Case Containment and Syncretism #
@cite{caha-2009} @cite{mcfadden-2018} @cite{bobaljik-2012} @cite{blake-1994}
Containment #
@cite{caha-2009} proposes that the morphosyntactic representation of each case on the hierarchy literally contains the representations of all cases below it:
[[[[[ NOM ] ACC ] GEN ] DAT ] P ]
This means ACC's representation includes NOM's; GEN's includes both ACC's and NOM's; etc. A Vocabulary Insertion rule conditioned on feature F therefore matches every case whose representation contains F. A rule conditioned on ACC matches ACC, GEN, DAT, and P — the set of all nonnominative cases — explaining the widespread NOM vs. oblique split in stem allomorphy (@cite{mcfadden-2018}).
The *ABA Constraint #
@cite{bobaljik-2012} and @cite{caha-2009} observe that case-conditioned suppletion obeys a contiguity restriction: if two cases X and Z (with X ⊂ Y ⊂ Z on the hierarchy) share a suppletive form A, then the case Y between them must also have form A. The pattern A–B–A (with B ≠ A) is systematically unattested.
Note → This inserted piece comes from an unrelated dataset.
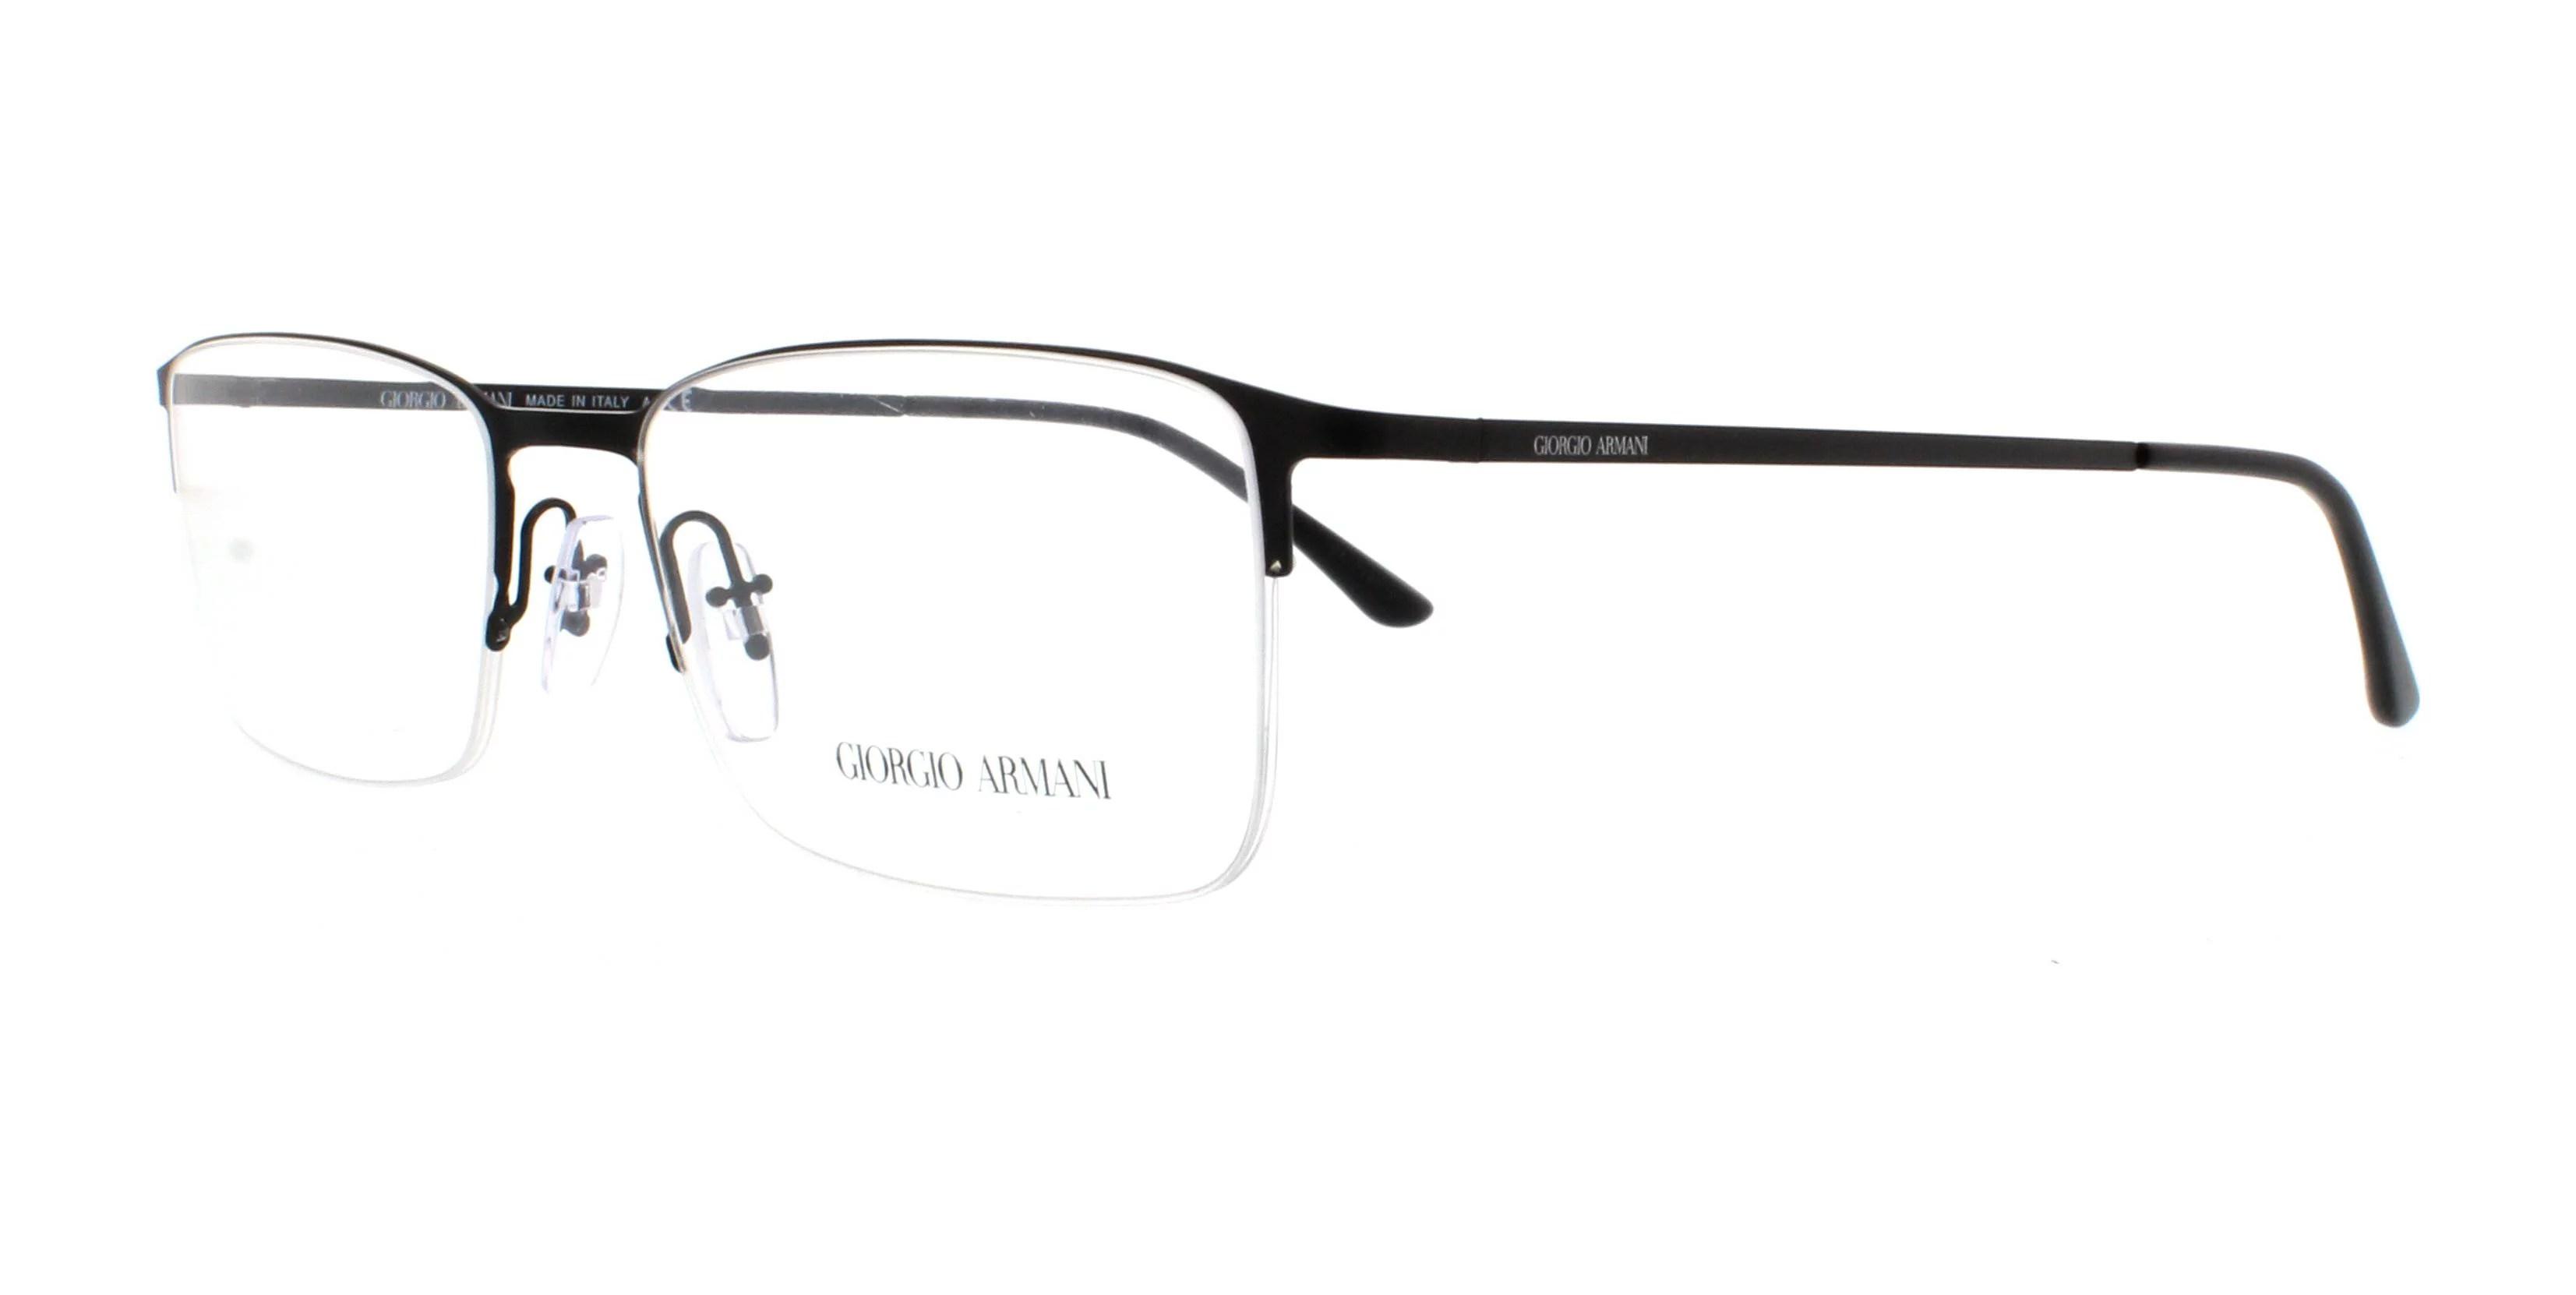 GIORGIO ARMANI Eyeglasses AR5010 3001 Matte Black 54MM

This is the *ABA constraint.
The constraint falls out from containment: if a VI rule inserts form B in the context of feature F, and Y's representation contains F, then so does Z's (since Z ⊃ Y ⊃ X). There is no way for Z to "skip" B and revert to A.
Syncretism #
Syncretism is the systematic neutralization of case distinctions: two or more cases share a single morphological exponent in some paradigm cells. @cite{blake-1994} documents syncretism patterns in Latin, Greek, and other IE languages. He observes that syncretisms cluster into groups (NOM+ACC vs. DAT+ABL) that are "significant on other grounds" (p. 22).
The adjacency constraint — that syncretic cases must be adjacent on the case hierarchy — is a generalization from the Nanosyntax tradition, not an explicit claim by Blake. Blake's data is consistent with it.
Connection to Blake #
Core.Case.Hierarchy formalizes Blake's typological hierarchy — an
implicational tendency about which cases languages tend to have.
Caha's containment hierarchy is a different object: a syntactic
claim about the internal structure of case representations. The two
are complementary, not competing.
Caha's containment rank (@cite{caha-2009}). Cases higher on the containment hierarchy have representations that include all lower cases.
[[[[[ NOM ] ACC ] GEN ] DAT ] P ]
The P(ostpositional) layer includes LOC and other spatial cases whose representations contain the full case spine.
Returns none for cases not on the containment hierarchy
(e.g., ERG/ABS in ergative systems, or minor cases whose containment
structure is less well established).
Equations
- Theories.Morphology.CaseContainment.containmentRank Core.Case.nom = some 0
- Theories.Morphology.CaseContainment.containmentRank Core.Case.acc = some 1
- Theories.Morphology.CaseContainment.containmentRank Core.Case.gen = some 2
- Theories.Morphology.CaseContainment.containmentRank Core.Case.dat = some 3
- Theories.Morphology.CaseContainment.containmentRank Core.Case.loc = some 4
- Theories.Morphology.CaseContainment.containmentRank x✝ = none
Instances For
Does case inner have a representation contained within case outer?
True when inner.containmentRank ≤ outer.containmentRank.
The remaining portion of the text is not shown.